Proverbs 30, Verses 2 & 3:

"I am too stupid even to call myself a human being!  
I cannot understand man, let alone God."

---

CHIPPED WISDOM:

Orson Welles once said, "I don't pray because I don't want to bore God".  I guess I feel kind of the same way.  I suppose, in some sort of perverted, disorganized and unfortunate way, these blog posts could be construed as a type of prayer.  Something is created, if you want to be kind and call it that, and it is sent out, maybe sent up.  Prayers are pleas, right?  They're missives intended to be heard, if not heeded.  

Hear us, O Lord.  We beseech you and so forth.  

I'm doing the same thing, if artlessly so.  Hear me, O Best Beloved.  I beseech you and so forth. 

Whether we're secular or pious, we've been sending things out, and maybe up, for a very long time.  Whether it's been psychotic scribblings on walls or Haydn's "Lord Nelson Mass", a tumultuous and terrifying play about Vietnam by David Rabe, whether it's an Excel spreadsheet on a deadline or a whistleblowing expose of greed or incompetence or worse-- it's all prayer.  Every raspy, erotic exhalation and every turn signal and each creak of the rocking chair and each diaper change.  Every cough and every tear.  

Every, every minute.

And I suppose that's why people think they need religion because, without it, we don't know what the fuck we're doing.  We're like fumbling with buttons in the dark.  We're too stupid even to call ourselves human beings.  We're lazy and scared and there's a mess on the desk and dog shit out back and twins tenuously asleep in the next room and everything is precarious and we're all holding it in or holding back or waiting for the next thing.  

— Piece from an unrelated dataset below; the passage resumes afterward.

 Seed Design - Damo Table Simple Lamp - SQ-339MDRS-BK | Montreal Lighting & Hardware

What is the next thing going to be?

I remember when my brother-in-law died of cancer.  He was thirty-four.  And the babies had just been born.  And I was thinking, what could it be?  The next thing.  Even in the couple of months from his diagnosis to his death, there were many "next things".  More MRIs.  More scans.  More tumors.  More texts.  More calls.  Every time the phone rang or went "bleepboop" it was bad.  It was so bad.  And I don't think I ever prayed for him.  Not formally.  No Hebrew.  I mean-- he wasn't Jewish, so maybe it wouldn't have gotten translated right anyway.  But there was plenty of prayer.  My kind of prayer.  

This.

DO YOU HEAR ME UP THERE YOU FUCK?

I love it.  You pray to the guy who did it. Hilarious.  A scream.  A howler.  Crazygonuts.  Fucking phonies.

The high holidays are coming again.  They always do.  We're going to go to services and march around with the children behind the torahs.  It is what it is.  I don't believe in it any more than I believe in Santa Claus.  Hell, I believe in Santa Claus more-- at least I get to play him at the psych hospital.  And read "A Christmas Carol".  I love that.  There's no prayer more prayery than that.  Dickens in the Day Room.  

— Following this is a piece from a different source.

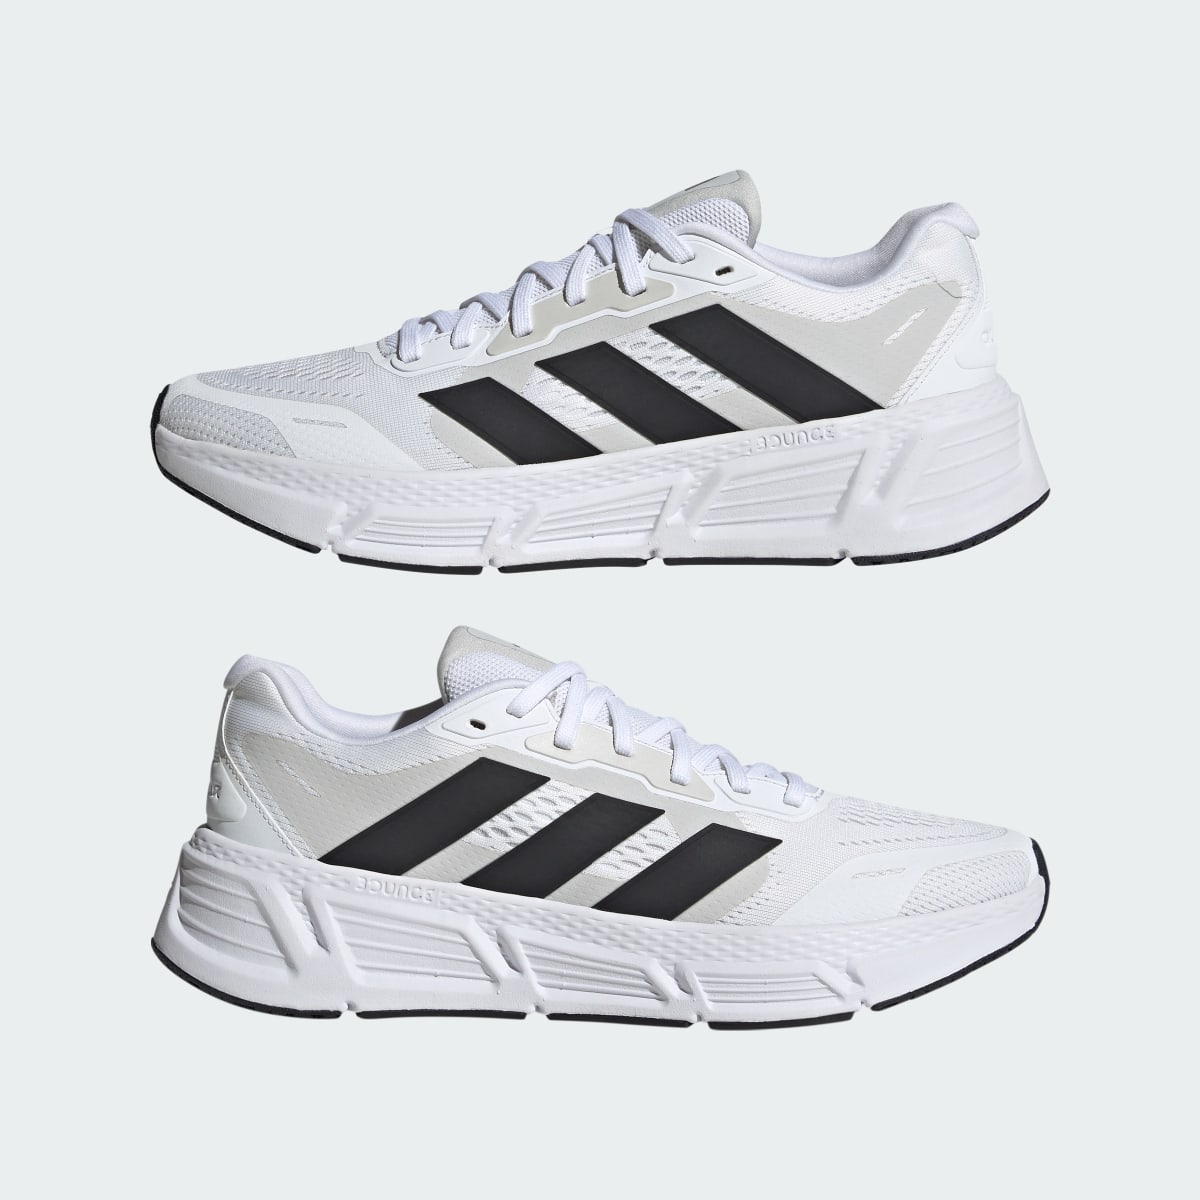 Adidas Questar Shoes. 8

It doesn't heal a soul.  It doesn't do a thing.  But it does what art is supposed to do: take you out of the place you are in, for a moment or two.  Take you out of yourself.  Out of your own psyche.  Your own troubles.  Your own shit.  It does it for me as much as it does it for them.  

My children are having what my wife calls "The Language Explosion".  In laymen's terms: they're talking their little asses off.  

mamadadacarshoessipcupuppacrackercookiewatercookieavodacoballbeepbeepbearblankieandalltherestofit

One day, they're going to start asking me about God and religion and humanity and why people use nerve gas on each other and why the former president put a cigar in that idiot's vagina and why the neighbor doesn't like us and why are there little shiny bits in the street that glisten like diamonds and why diamonds are a girl's best friend and why they don't have any friends and what were we like before they were born and what happens when we die and why do birds suddenly appear and bluebirds say.

What the fuck do they say?

What the fuck do I say?

What will I say?

I'm kind of hoping they befriend an old man.  Not a creepers old man with a dirty trench coat and a comb-over and a ubiquitous white van, but a wizened old man, all crinkly behind his gold-rimmed glasses and his well-worn wingtips and his faded corduroys who'll sit on his porch and tell them stories about the way it was and he'll have clever, quaint, slightly biting, deadpan and droll way of looking at the world.  And they'll soak in his words and his wisdom and they'll repeat his aphorisms at school and their teachers will call them "old souls" and they'll know things-- they'll just know.  

You know?

Because I don't.  I just don't know.  And I know that's supposed to be one of the bravest things you can possibly say, but these are troubled times.  They're always troubled times.  And I just don't know.   

Monday, August 12, 2013

And One More Leading Nowhere, Just for Show

CHIP OF WISDOM:

Proverbs 23, Verse 4

"Don't weary yourself trying to get rich."

---

CHIPPED WISDOM:

I saw "Fiddler on the Roof" on Sunday.  Licensed, American Jews are required to see this play performed live at least six times in their lifetime.

(The Good Book says.)  

At 33, I can say I've done my Semitic duty twice.  I'm on my way.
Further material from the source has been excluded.